Three weeks went by with no word. I was starting to sweat it, as WPJA is a very important affiliation to me. The most important actually as you can't just send a check and be accepted. (juried) 
I was really beginning to believe I might very well be "out". (When you aren't accepted there, you hear nothing, so that three weeks was getting me nervous.)
Anyhoo, the word came this morning that I am "in". At least for another year.
Yay! 
*Breathing a huge sigh of relief!!!!!!!*
I don't want to turn this into an ad, but any of you who are currently WPJA will totally understand. This new reup policy is making MANY of us nervous. It's just great to know that the WPJA is still standing by my work. In my opinion, it's the hardest wedding org to get into, and now, to stay in.
So my advice would be, if you are currently WPJA, and are due to reup.....stand by your work as it is. They will still see what got you into the org in the first place.
Hugs,
Cindy


----------



## Big Mike (Dec 18, 2007)

It seems weird to me that photographers who service the public, would want to 'pigeon hole' their work into the PJ label.  We serve our clients and that's who our work should be answerable to.  
Would it come to a point where a WPJ might say 'Sorry, I won't take any posed shots, I don't want to get kicked out of WPJA'.

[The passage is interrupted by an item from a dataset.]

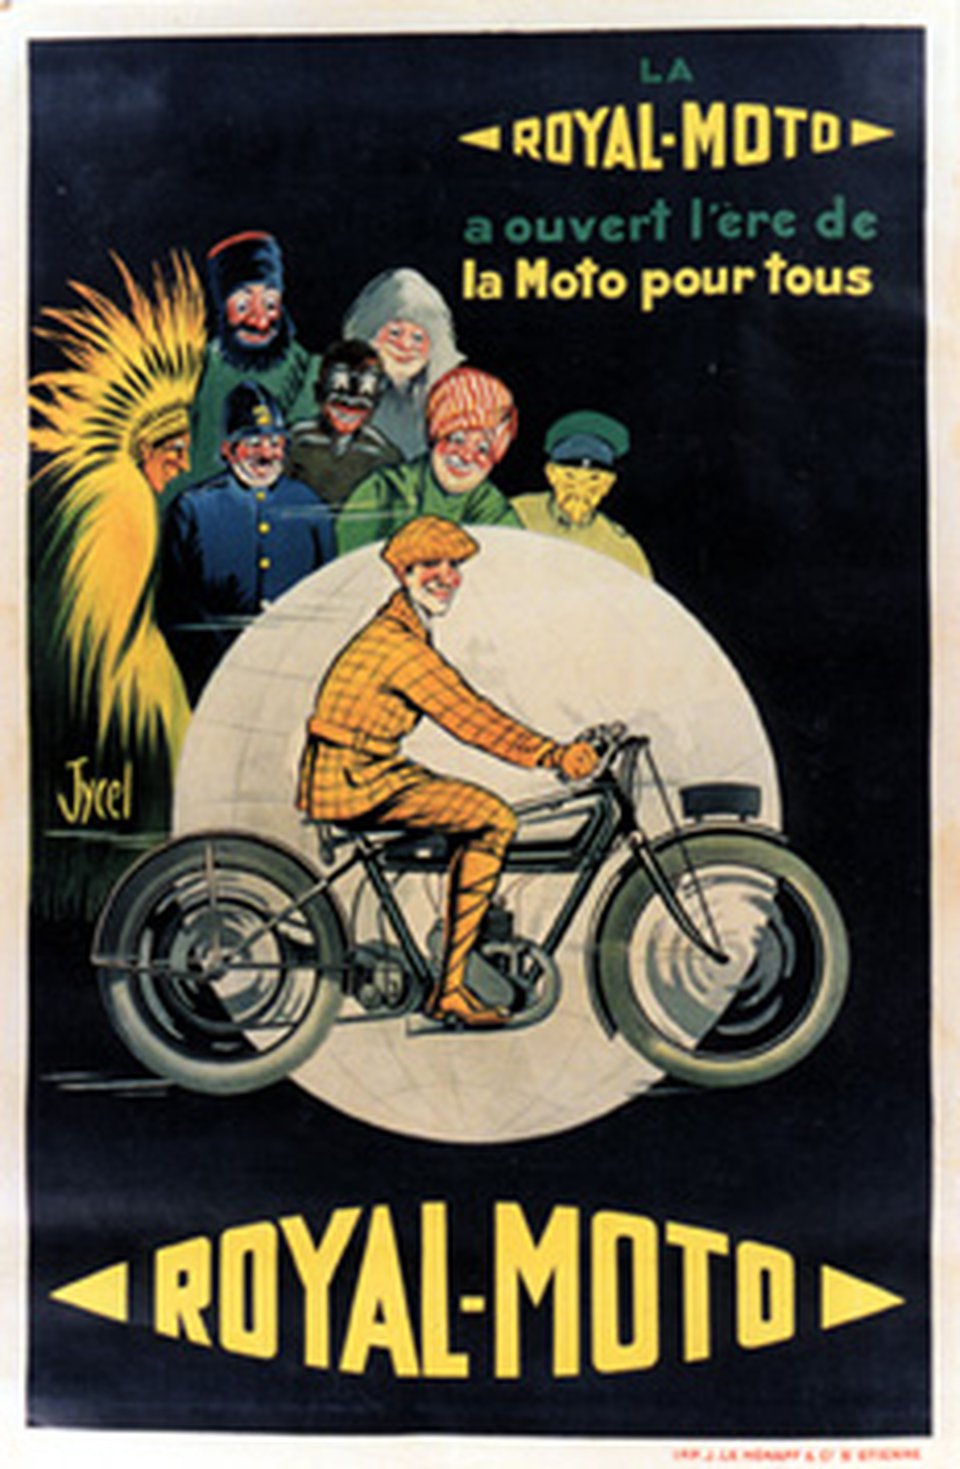 11 la-royal-moto-a-ouvert-lere-de-la-moto-pour-tous-41630-france-vintage-poster.jpg__960x0_q85_subsampling-2_upscale.jpg

I understand that it's a beneficial organization but it seems very elitist and snobbish if they want to kick out members who don't shoot in a particular style...regardless of talent & skill.


----------



## elsaspet (Dec 18, 2007)

Mike,
I track my leads, and WPJA is at the highest.
So it's about dollars, and matching me up with my best client.
It also doesn't suck that it's the only juried membership I know of.  That in itself is a great selling point.


----------



## Big Mike (Dec 18, 2007)

I guess I don't have a problem with the organization and how it helps it's members get business.  And I guess the high standard of entry is a good thing for clients who want 'prescreened' photographers.

My only problem is the 'Photo Journalistic' label.  What does that mean exactly anyway?  I understand that it's a 'style'...but each photographer's style is different...which is why it seem weird to assimilate them.

Maybe it's a marketing ploy...and 'Photo Journalistic' is just a catch phrase.  The wedding magazines are full of that term...so brides go looking for that when they choose a photographer.  I'd guess that most of them don't even really know if they want true journalistic coverage...they just see nice photos and they want that.  And a photographer doesn't have to be labeled 'Photo Journalistic' to provide great photos for their client.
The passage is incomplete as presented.